Я попытаюсь в последующих главах показать, что – как бы парадоксальным ни казался этот тезис – не академическая, а миссионерская исламистика представала в качестве коммуникативно диалогического типа науки (при всей условности применения к ней этого термина), что именно она-то всего усердней реализовывала (впрочем, так и полагается любой религиозной германевтике!) установку на прояснение различий между внешним обрамлением канонических мусульманских текстов и их же внутренним смыслом, на выделение даже их «подсознательного субстрата» (конечно, в данном случае я полностью снимаю вопрос об истинных плодах этих интерпретаций, настаивая в то же время на их пионерском характере и гносеологической правомочности).
Что же касается описываемых мною сейчас лет, то тогда когнитивная и мотивационная психология практически всех авторов о мусульманстве все еще была в громадной мере аберрирована древней (и, разумеется, грубо редукционистской) оппозицией Россия / кочевой Восток131 (при том, что вновь важно подчеркнуть отнюдь еще не исламизированным), по своей суггестивной мощи покрывая (и, более того, во многом ее детерминируя) антитезу Христианство / Ислам.
Уже В.Н. Татищев видит в печенегах, торках и половцах злейших врагов Древней Руси132.
Историография XIX в. относила кочевые народы к разряду «неисторических», утверждая, что они «никогда не будут занимать высокого места во всемирной истории»133, хотя и их надобно изучать.

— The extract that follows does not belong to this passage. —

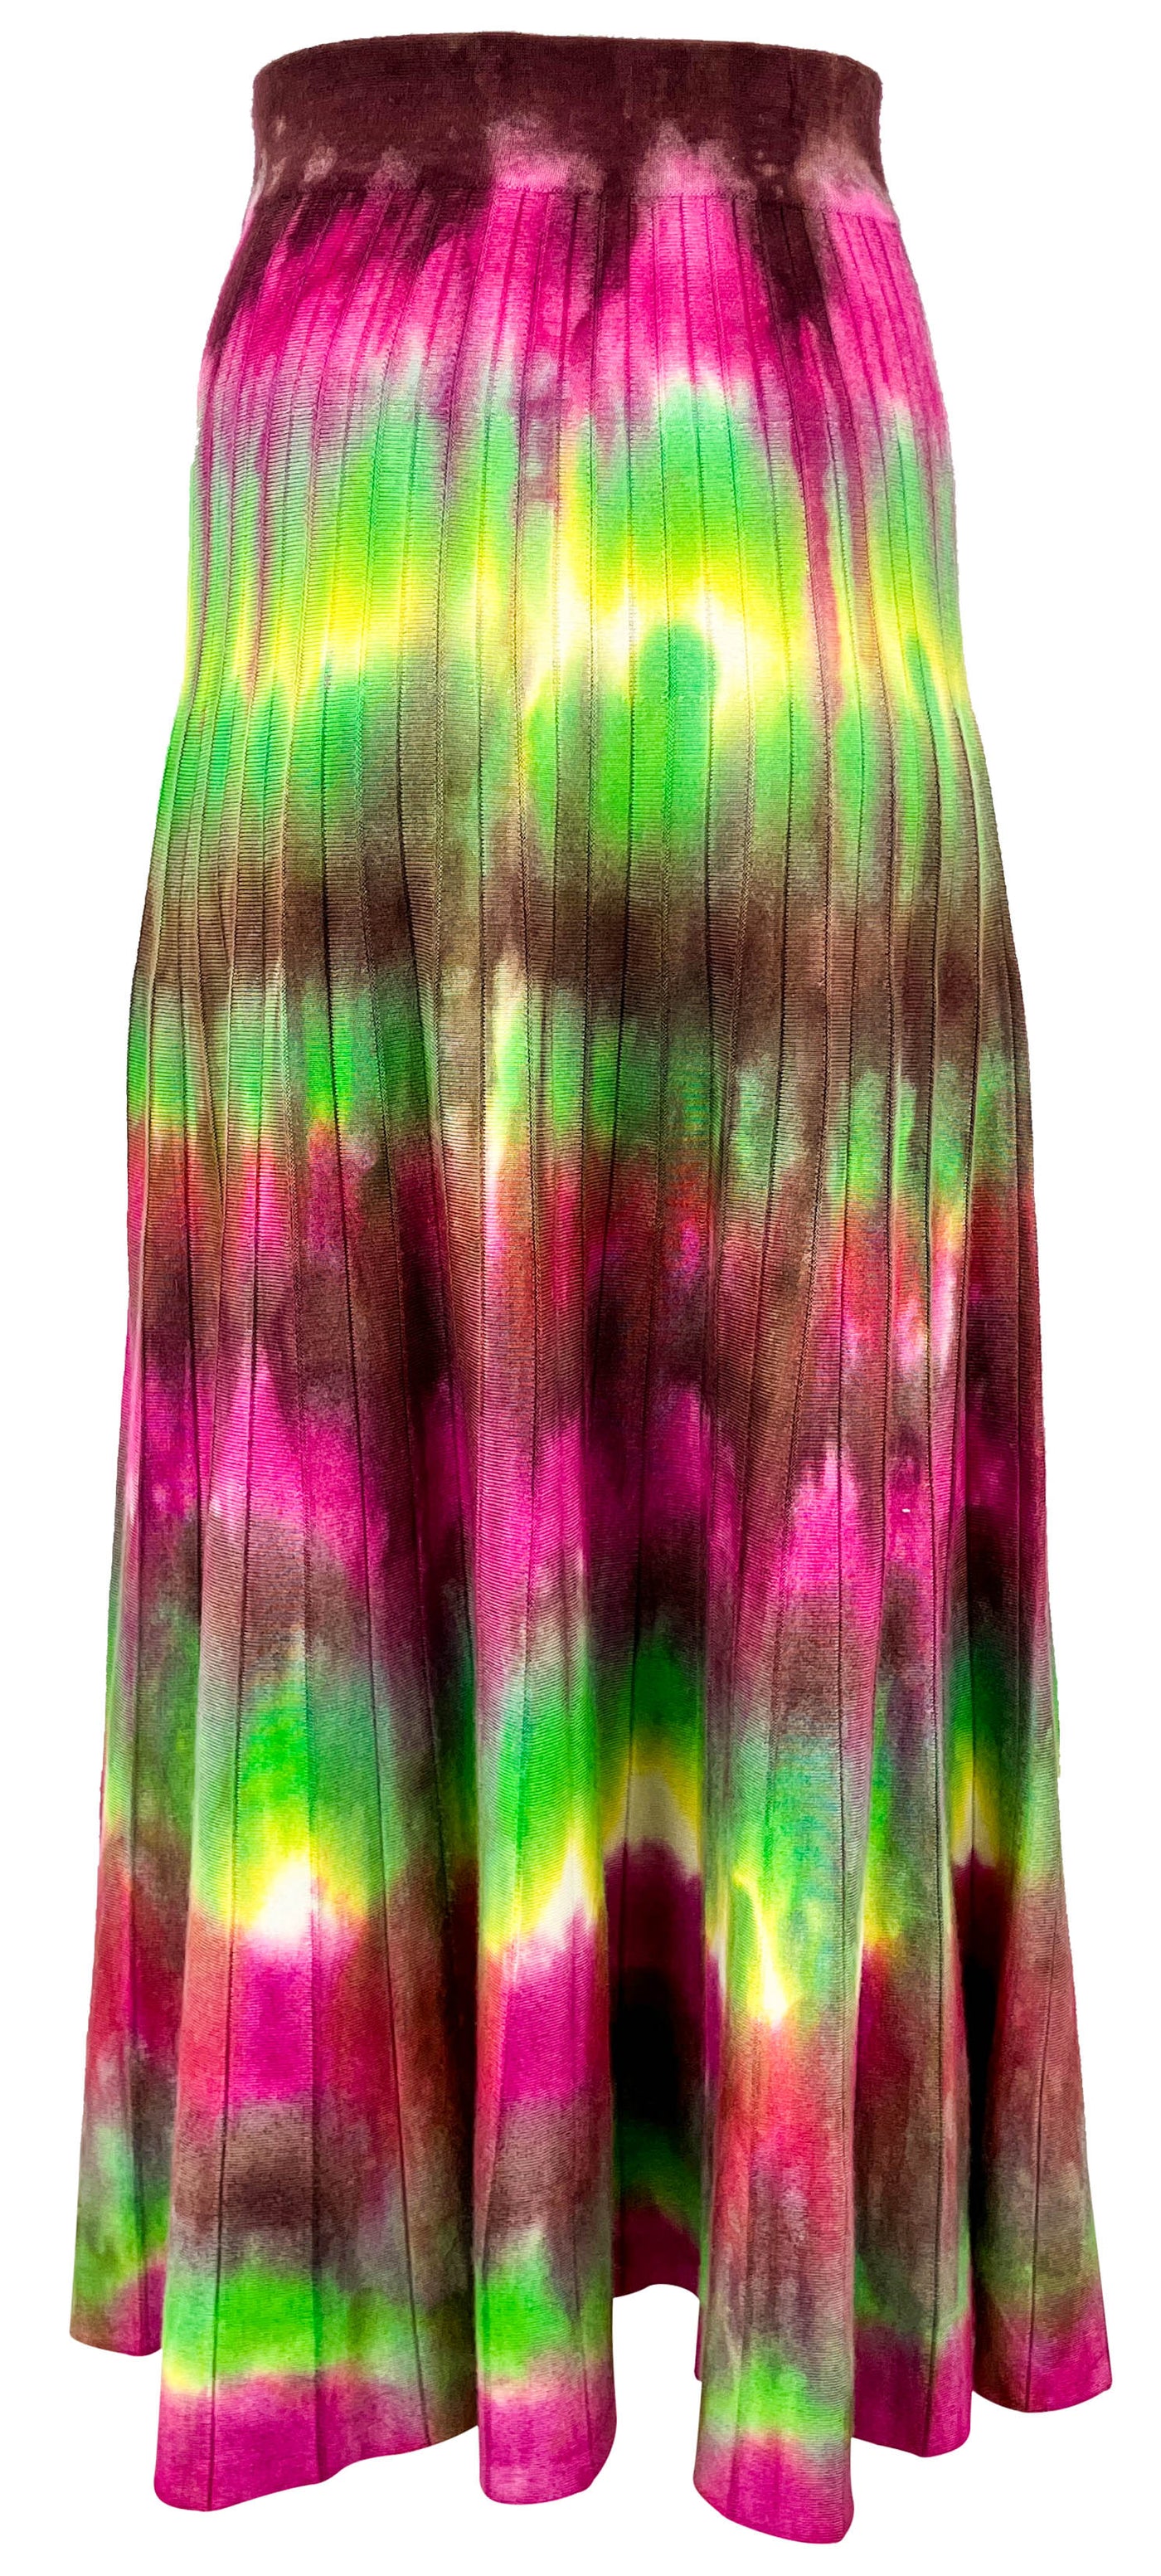 Gabriela Hearst Ella Skirt in Jewel Tie-Dye - Discounts on Gabriela Hearst at UAL

По словам все того же крупного востоковеда Куника, подобно тому как «естественные науки воздвигают наблюдением и тщательным исследованием и низшие, несовершенные организмы в связи с совершеннейшими, так и историки по разным причинам впредь должны больше обращать внимание на эти низшие породы человечества, особенно там, где дело идет об оценке истории России в сравнении с другими главными европейскими и азиатскими народами»134.

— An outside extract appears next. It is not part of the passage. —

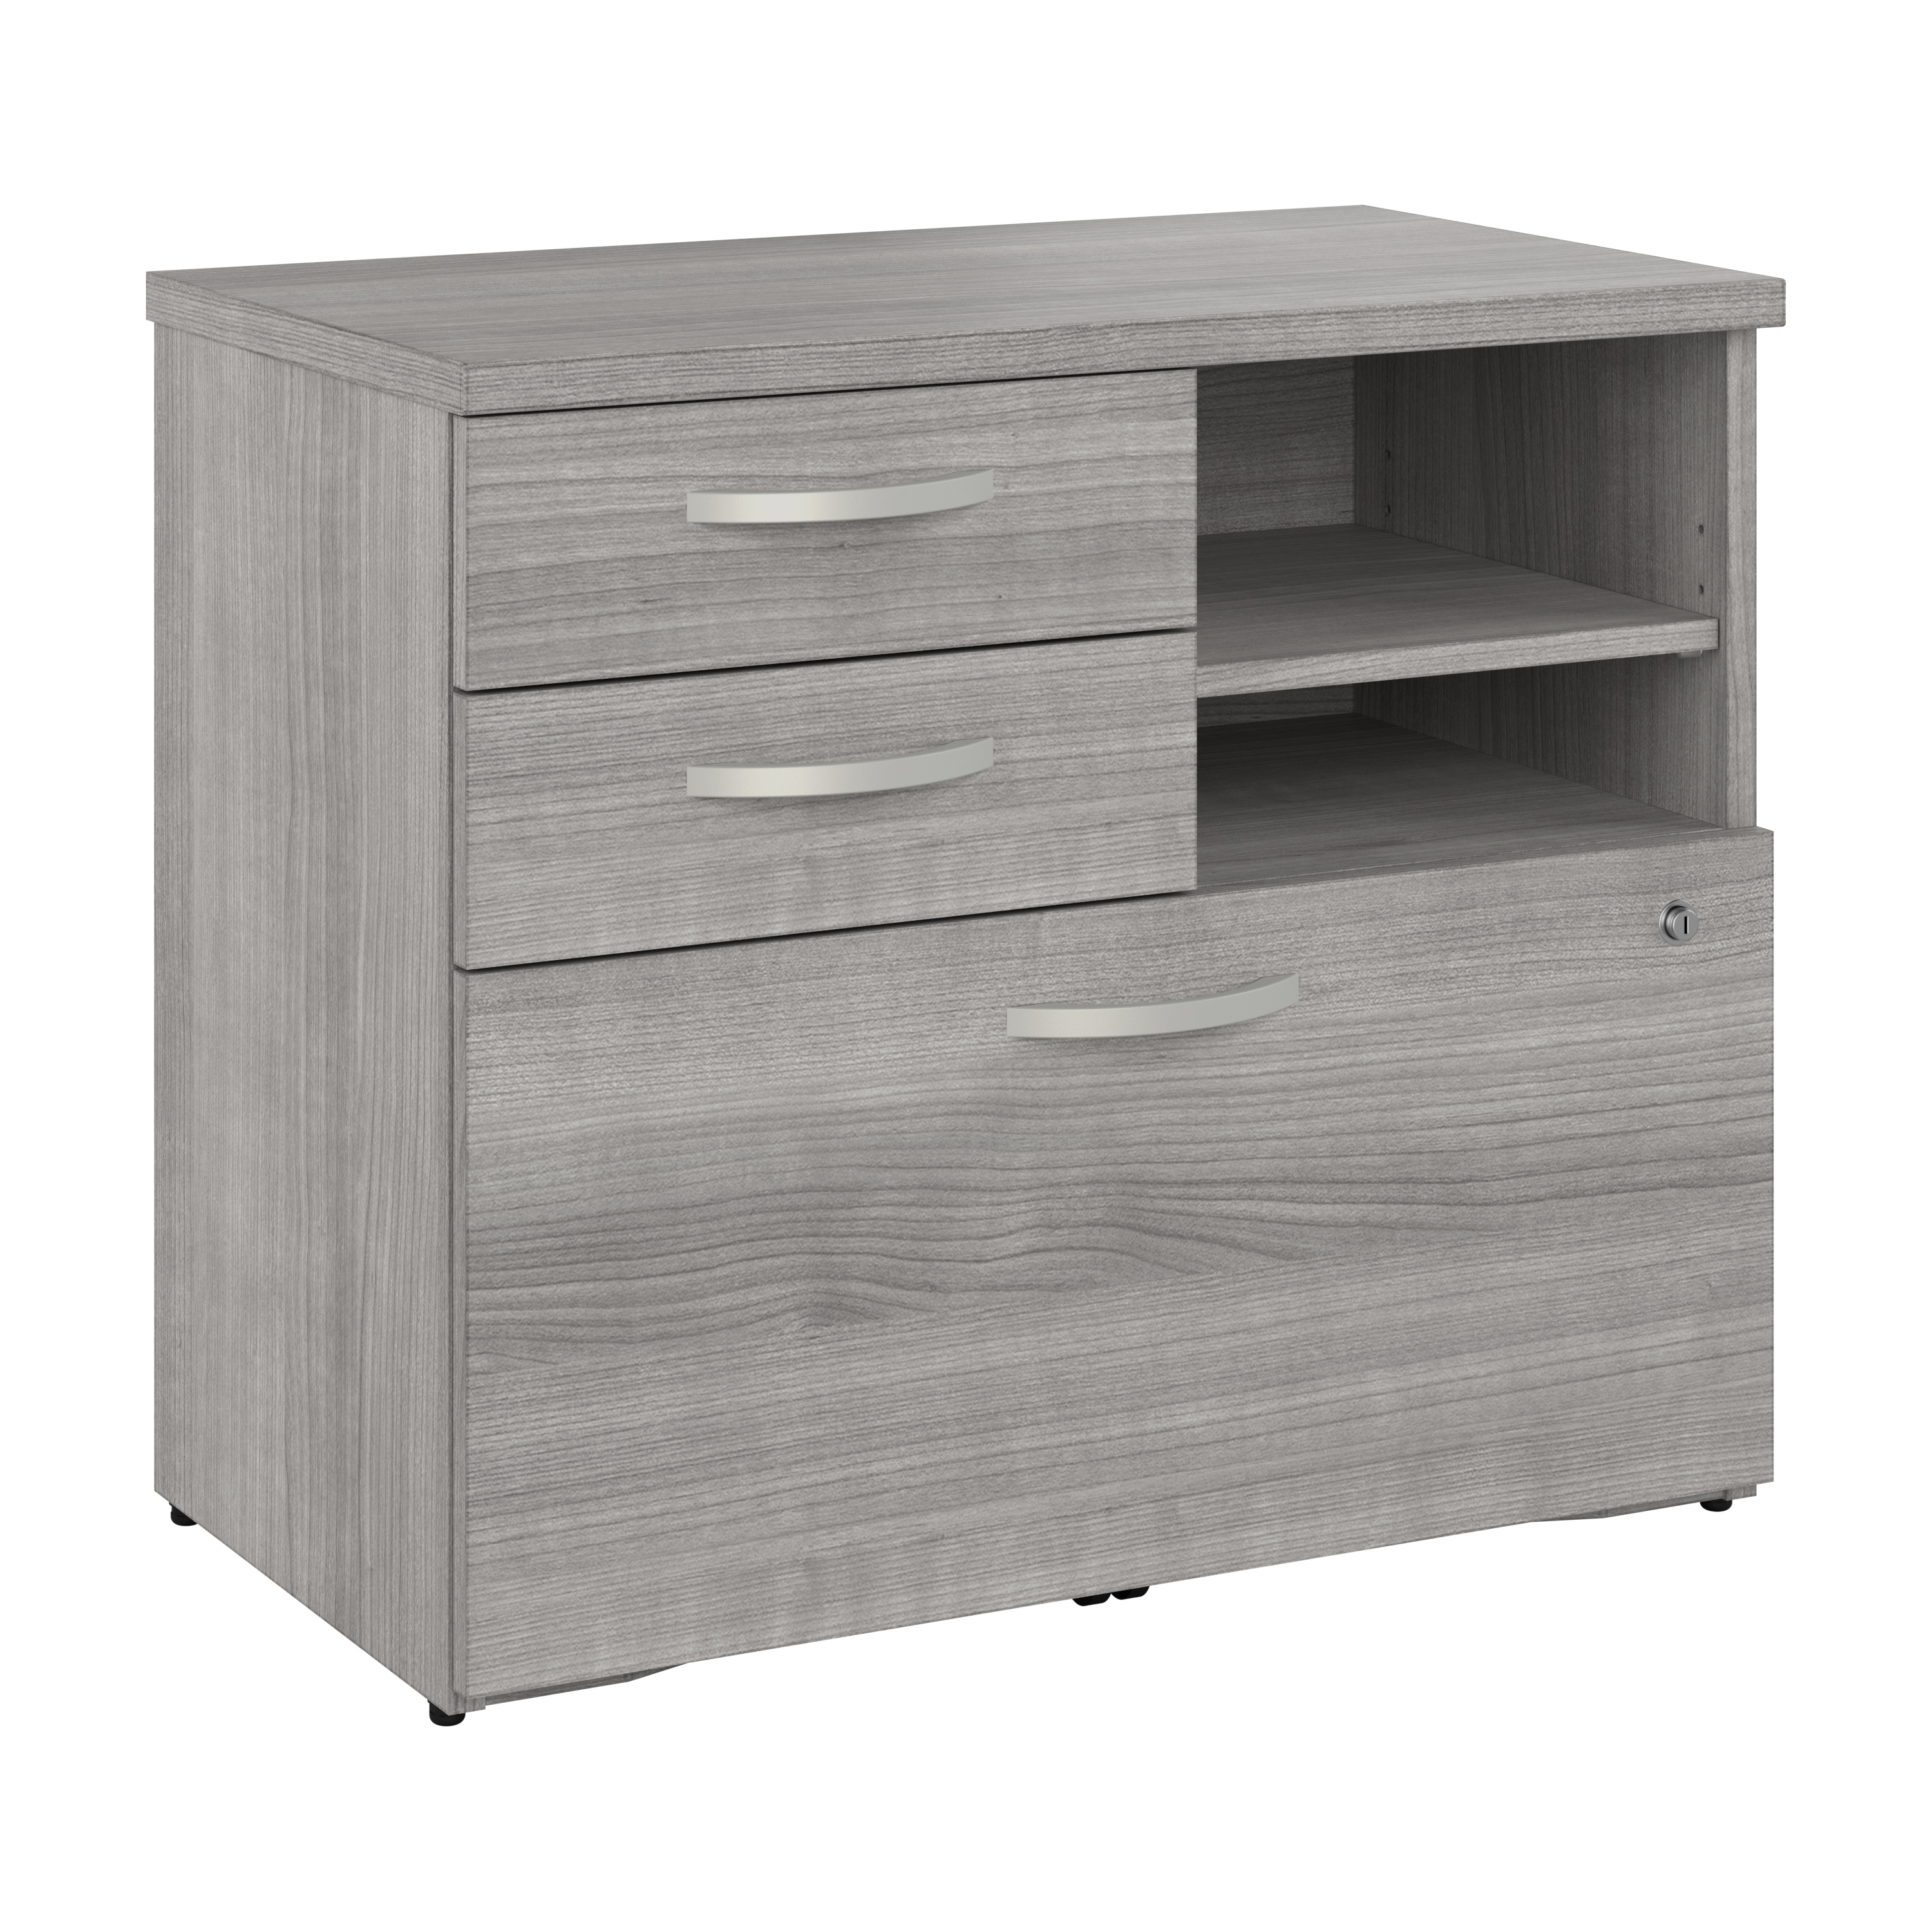 Shop Bush Business Furniture Studio C Office Storage Cabinet with Drawers and Shelves 02 SCF130PGSU #color_platinum gray

Еще ранее авторитетнейший Н.М. Карамзин представил историю домонгольской Руси как беспрестанную борьбу с «варварами»-печенегами, торками и, наконец, самыми опасными номадами, «свирепыми половцами»135. Согласно знаменитому историку Сергею Соловьеву, история России – это история страны, которая колонизируется. «Основное содержание этой колонизации – борьба леса со степью», длительная борьба русского народа с кочевыми народами, вторгавшимися из Азии в южнорусские степи136. «Россия, – утверждал Соловьев, – вследствие своего географического положения должна была вести борьбу с жителями степей, с кочевыми азиатскими народами»137. В итоге необходимыми условиями существования русского народа становились колонизация и укрепление границ со степью, что в свою очередь обусловило необходимость создания сильного централизованного государства138. «Постоянная борьба со степными варварами» – это, полагает Соловьев, одно из доминирующих направлений истории России и, более того, есть вообще ярчайшая манифестация извечного соперничества Азии и Европы, или оседлого населения и номадов.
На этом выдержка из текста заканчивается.